Manual

Channels

Channels control where Dregs sends notifications. Every channel — email, Slack, or webhook — subscribes to a list of events and fires whenever Dregs emits a matching event. The same channel can receive identity scoring events, badge changes, and escalations.

What Are Channels

A channel is a delivery mechanism. Each channel has a type (email, Slack, or webhook), a configuration (where it delivers), and a list of events it subscribes to. Dregs delivers a notification to a channel whenever an event matching that channel's subscriptions fires.

Manage channels from Settings → Notifications, or through the REST API.

Events

Every channel subscribes to one or more of the following events:

  • IDENTITY_SCORED — fires whenever an identity finishes a scoring cycle. Useful for keeping an external system's copy of the scores up to date. Can be very high-volume; most teams only wire this to webhooks, not email or Slack.
  • IDENTITY_BADGES_CHANGED — fires when an identity gains or loses a badge. Good middle-ground signal — less noisy than every score, more frequent than escalations.
  • ESCALATION_OPENED — fires when an escalation opens because an identity crossed a rule's threshold.
  • ESCALATION_CLOSED — fires when an escalation closes (resolved, acknowledged, or its conditions no longer match).

Channel Types

Dashboard

The dashboard is always on and implicit. Every escalation appears in the Dregs dashboard regardless of which channels you configure — you don't need to create a dashboard channel. Even if every external channel is misconfigured or down, escalations remain visible in the dashboard.

Email

Sends notifications to one or more team members' inboxes. Typically subscribed to ESCALATION_OPENED — higher-volume events like IDENTITY_SCORED are usually too noisy for email.

Slack

Posts notifications to a Slack channel using an Incoming Webhook URL. Each message appears as a richly formatted card with the event type, severity (for escalations), identity, current scores, badges, and a link to the identity in your Dregs dashboard.

Setting up a Slack channel (recommended)

  1. In Dregs, go to Settings → Notifications and click Create Channel.
  2. Choose Slack, give the channel a name, and click Add to Slack.
  3. Slack will ask you to pick a workspace and a channel for Dregs to post to. Authorize, and you'll be redirected back to the dashboard.
  4. Pick the events you want this Slack channel to receive. For most teams, ESCALATION_OPENED and ESCALATION_CLOSED are the right default — noisy events like IDENTITY_SCORED tend to overwhelm a chat room.
  5. Click Test channel to confirm a message lands in your Slack room.

Manual setup (advanced)

If your team prefers to manage the Slack app yourselves, or your deployment doesn't have Add-to-Slack configured, you can paste an Incoming Webhook URL directly:

  1. Visit api.slack.com/apps and click Create New App → From scratch. Give it a name (e.g. "Dregs") and pick the workspace.
  2. In the left sidebar, click Incoming Webhooks and toggle them on.
  3. Click Add New Webhook to Workspace, choose the channel, and authorize.
  4. Copy the webhook URL that Slack generates — it looks like https://hooks.slack.com/services/T.../B.../....
  5. In Dregs, open the create-channel drawer, choose Slack, expand Or paste a webhook URL manually, and paste the URL.

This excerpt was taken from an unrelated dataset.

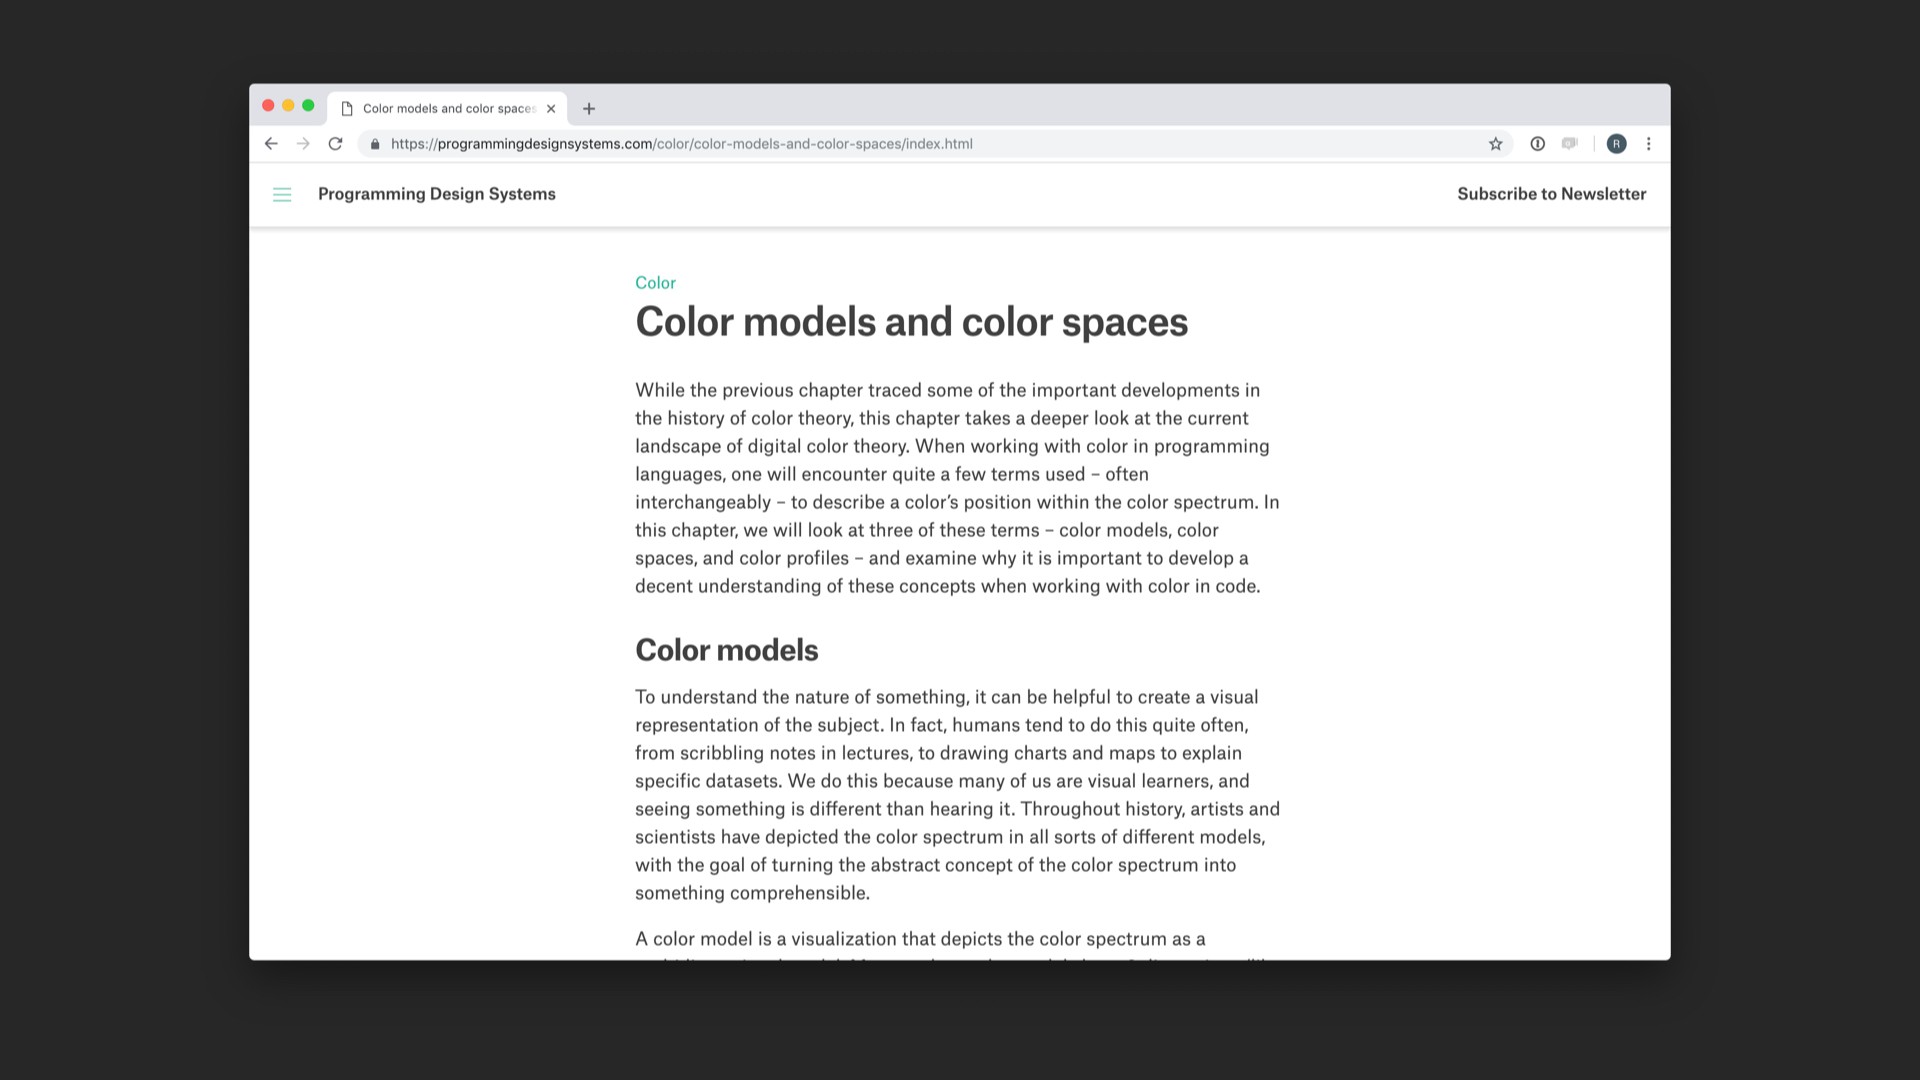 Screenshot of 'Color models and color spaces' chapter of referenced website.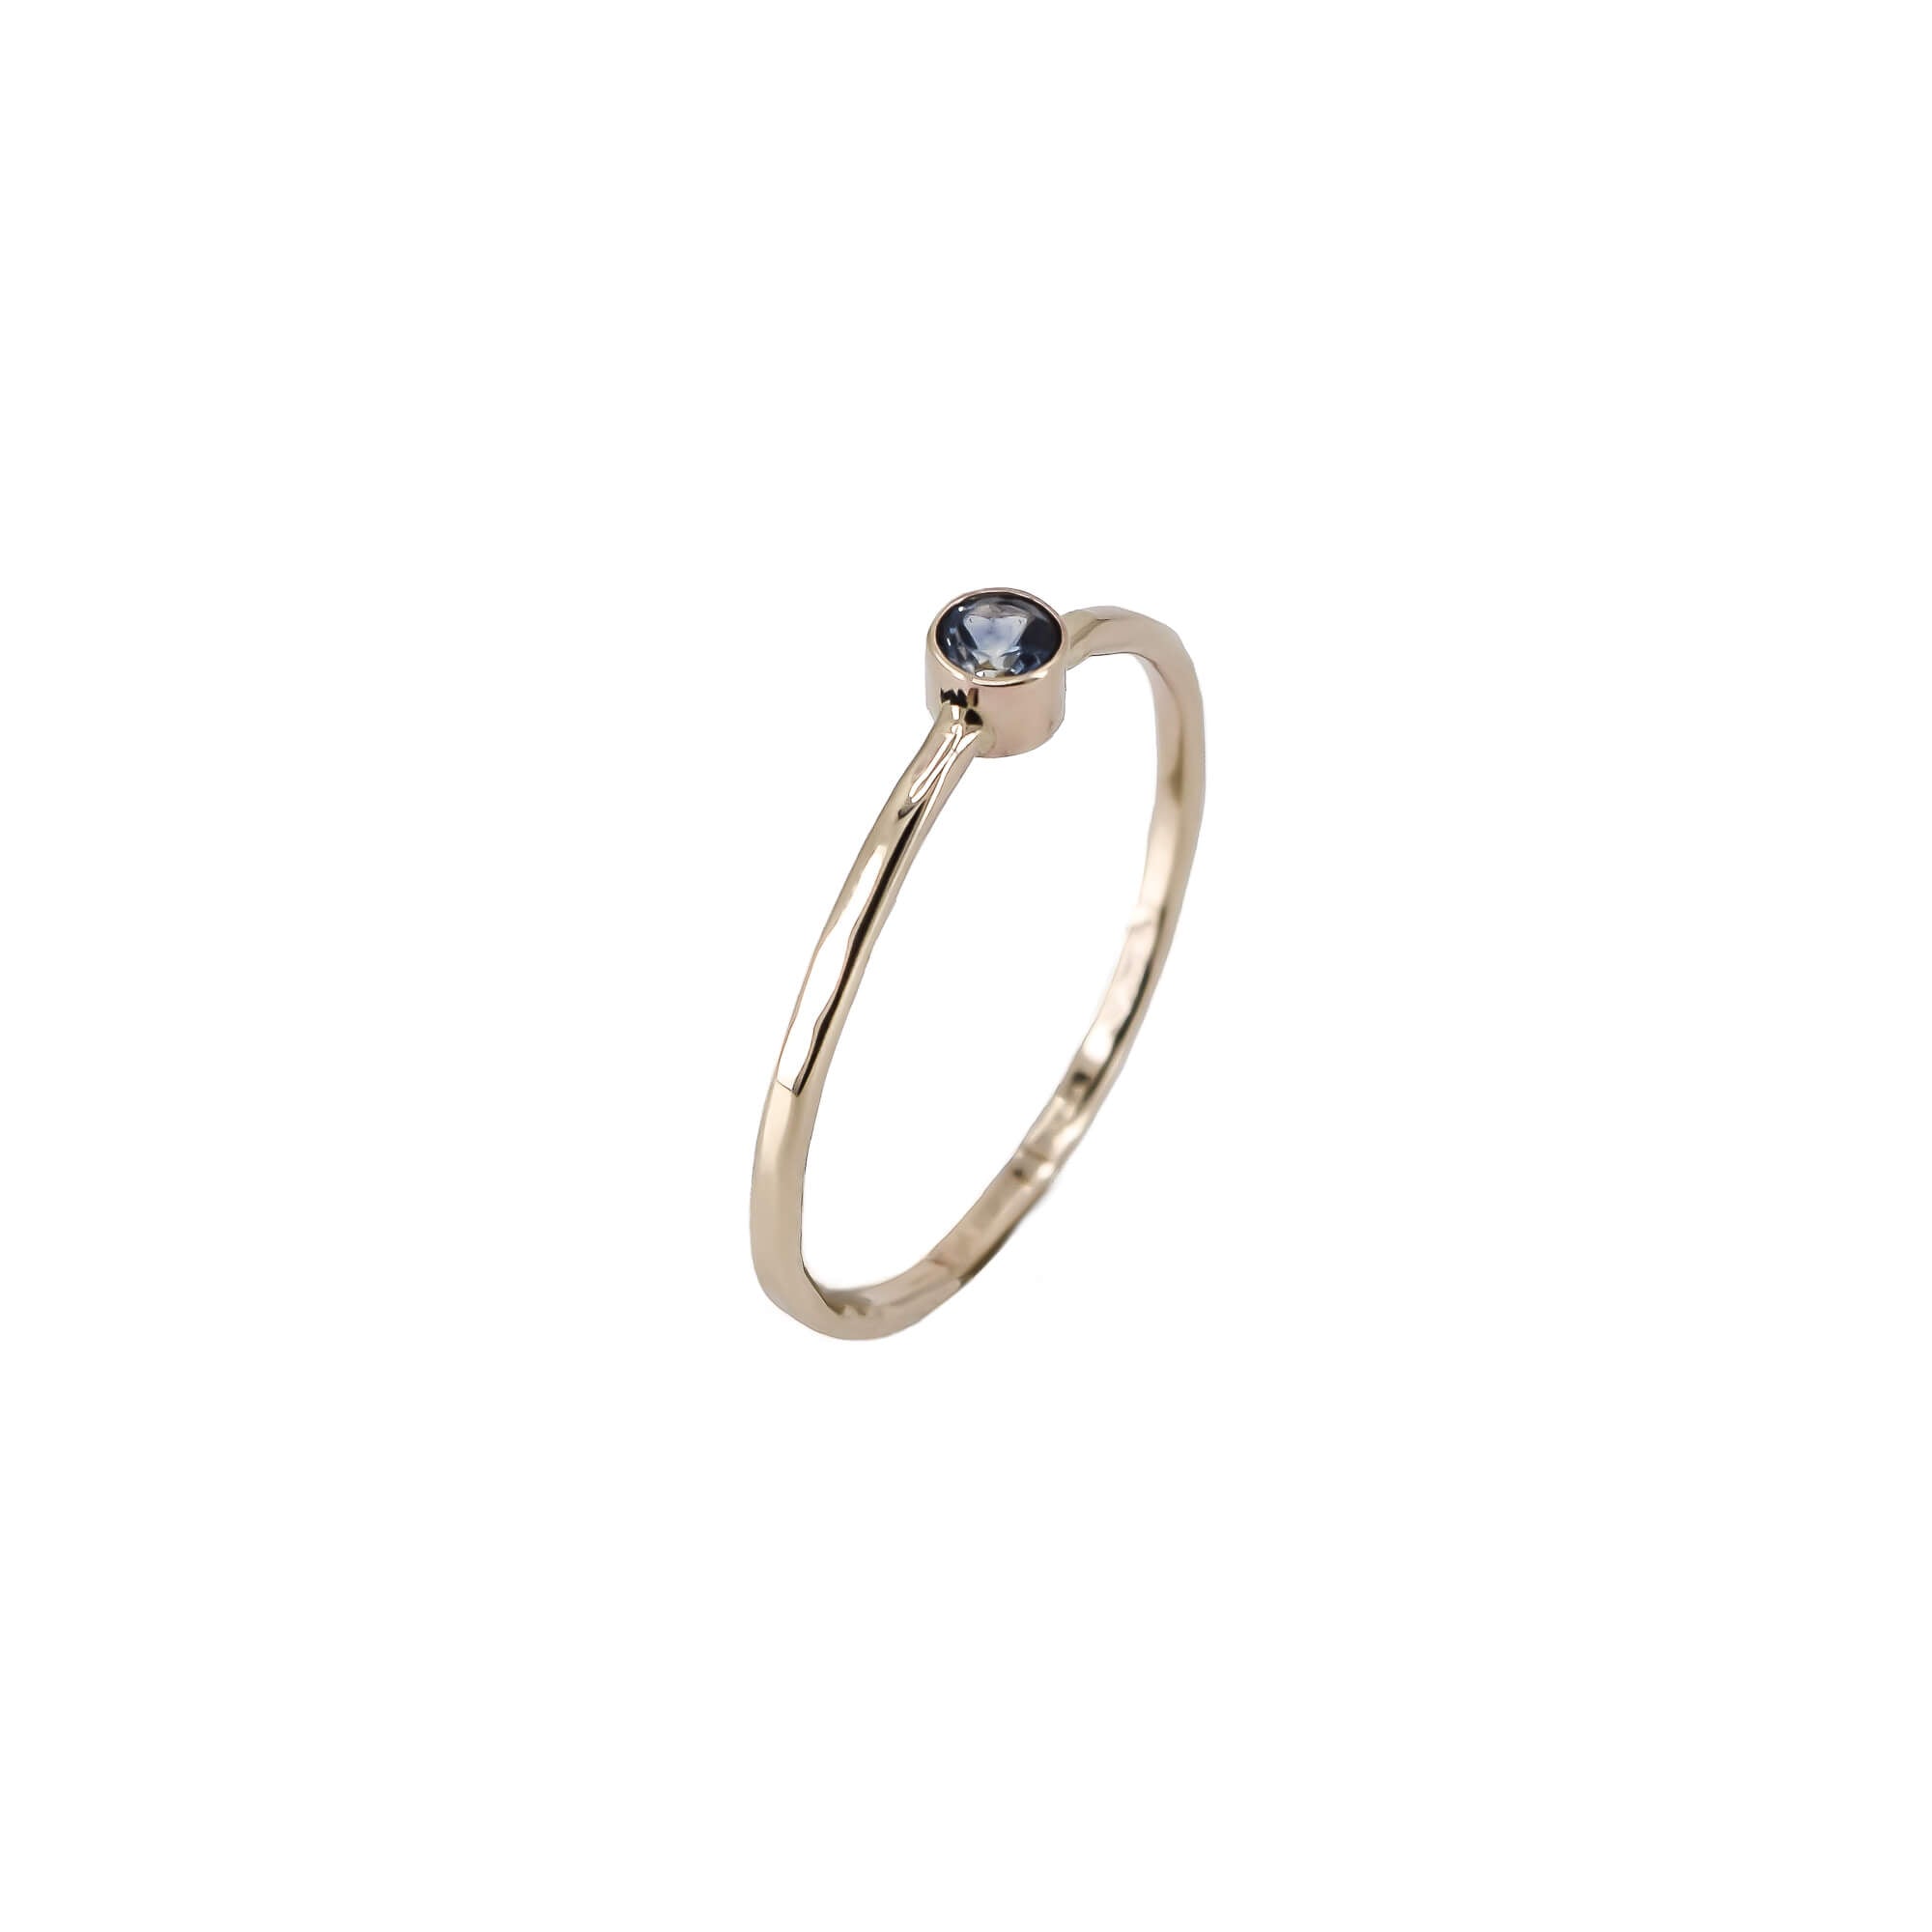 thin 14K yellow gold stacking ring with teal sapphire

The Slack webhook URL is a credential — anyone with it can post to your Slack channel. Dregs stores it as a secret and never displays it again after creation. To rotate the URL, edit the channel and paste a new one. To revoke entirely, remove the webhook from your Slack app.

Webhook

Sends HTTP POST requests to a URL you specify. Your application receives structured JSON payloads and reacts programmatically — automatic shadow-banning, rate limiting, account lockdown, downstream system updates. See Webhooks for the payload schema, signature verification, and retry semantics.

Escalation-specific routing

Escalation rules can optionally list channels to notify when that specific rule opens or closes an escalation — on top of the channel's own global event subscriptions. This lets you broadcast (via a channel subscribing to ESCALATION_OPENED globally) and also do targeted per-rule routing (via the rule's channels list) in the same system. Deliveries are deduped so a channel targeted both ways fires at most once per escalation.

Test Deliveries

Before relying on a channel in production, send a test delivery to verify the integration. The test uses the same delivery path as real events, so an endpoint that handles the test correctly will handle real notifications too.

Delivery Tracking

Dregs logs every notification sent to an external channel as a delivery record with full detail: status (pending, delivered, or failed), HTTP status code, payload size, error message if applicable, and attempt number.

View delivery history for any channel in Settings. This makes debugging straight­ forward — you see exactly what Dregs sent and exactly what the receiving system responded.